Morning light in Le Conte Canyon


Daily Neet Beat
“I really like it here down in the forest surrounded by mountains” said Brian from Sacramento. Brain was referring to the beautiful Le Conte Canyon in Sequioa Kings Canyon National Parks. I think he was comparing it  to the starkness of the high passes such as Muir we had hiked through the day before. His comment made me think of cats. Yes, really.  Cats are typically “tree dwellers” or “bush dwellers”. If you have a cat that likes to climb up high (and knock things of the mantle for example), your cat is a tree dweller. If your cat likes to crawl under the bed, he/she is a bush dweller. So, when Brian said he likes to be down in the trees, he is probably the human equivalent of a bush dweller.  I must be the human equivalent of a tree dweller as I like being up high above tree line and at the passes. Meow.
I must say though, Le Conte Canyon is beautiful and it is one of my favorite places (OK, at least so far..). Ray and I hike quietly through the canyon in the morning and dream about climbing up each of the side valleys to explore. We may be back. The hanging valley by the Citadel looked especially interesting. We get to the junction of Evolution Creek and turn up it to head up to “the Golden Staircase” and on to Palisade Lakes. The Golden Staircase climbs back and forth past waterfalls and up towards Mather Pass which we will climb over tomorrow. Tonight there is a full moon and we want to stay at Palisade Lake. We get to camp in early afternoon, filter water, and set up camp at tree line. We arm wave about the geology, admire and identify flowers, and watch a garter snake try to hide from us in the shallow water of a creek. We are excited about being under a full moon in this beautiful valley.

Just the Facts

From Little Pete Meadow to Upper Palisade Lake
Total Miles: 221.5
Camp Elevation: 11,000
Full Moon

Photos of the Day

Ray climbing the Golden Staircase

Our camp above Palisade Lake at tree line.

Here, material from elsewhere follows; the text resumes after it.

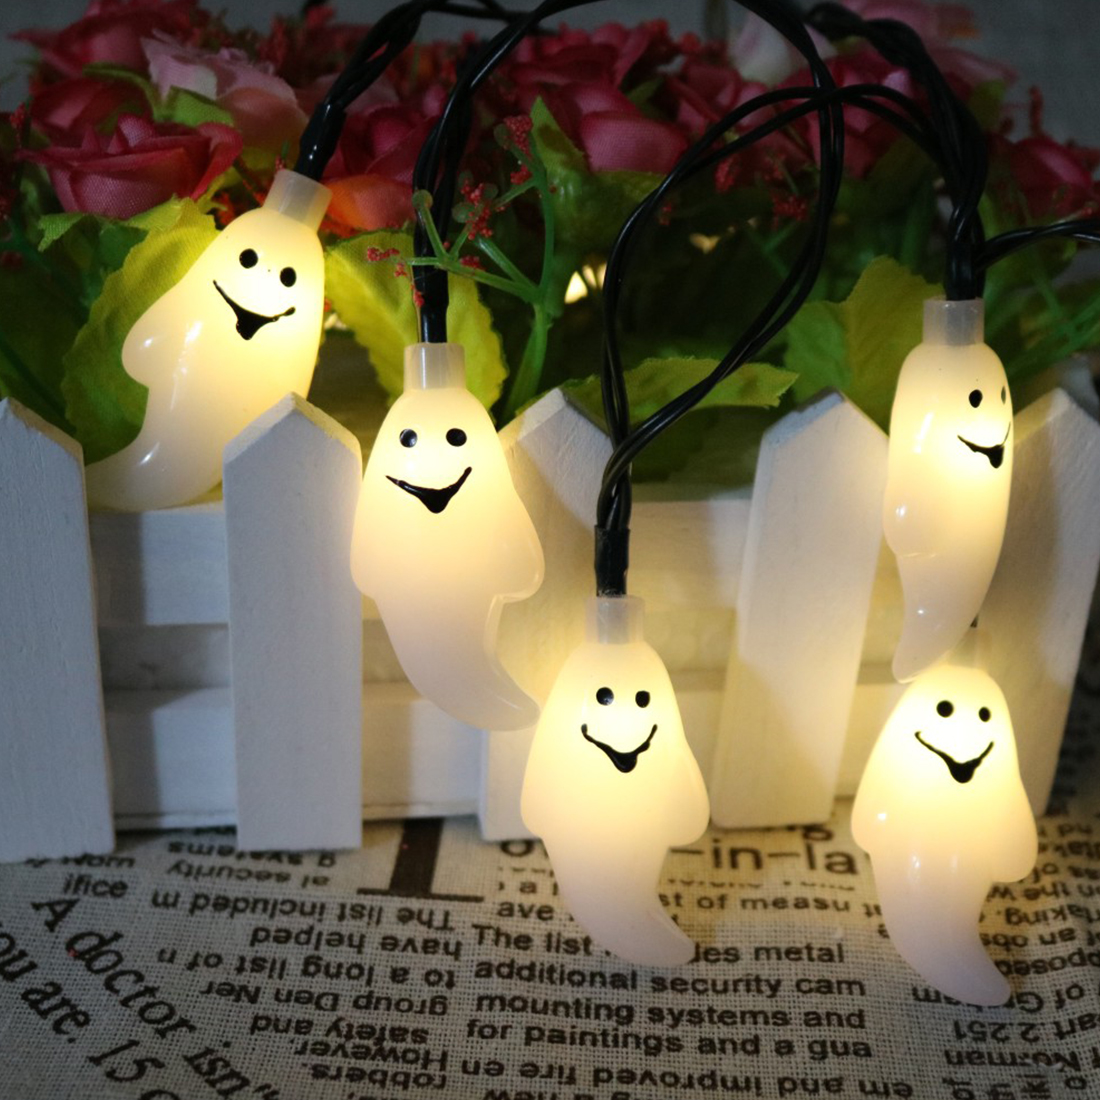 new new 10 led 15m halloween decor ghost led string lights lanterns lamp for diy home bar outdoor party supplies - Outdoor Party Supplies

Very interesting geology! The lighter colored rocks are probably a roof pendant which was initially sedimentary rocks deposited in shallow seas that were penetrated by the molten granitic material (grey rocks to the left of the picture) which were then metamorphosed under heat and pressure. Such a textbook out here.
Yellow Monkeyflower (Mimulus guttatus)
A garter snake hiding under a rock in a creek


  1. Possibly more of a “rock dweller,” descended from the tree dweller branch of the Bushmen.

    1. Grey/Gray – they’re both technically OK, it but “gray” is used in America and “grey” is used in England. Well, OK, I’ll admit I lived in England when I was 13 yrs old and sometimes it still shows!! I had forgotten that about Dr. Moore…he was one of my favorite teachers.

      1. For some reason that was one of his pet peeves. Not sure if it was the Missouri or Harvard in him? Thanks for the awesome blog detailing your “stroll” over the spine of the Sierras!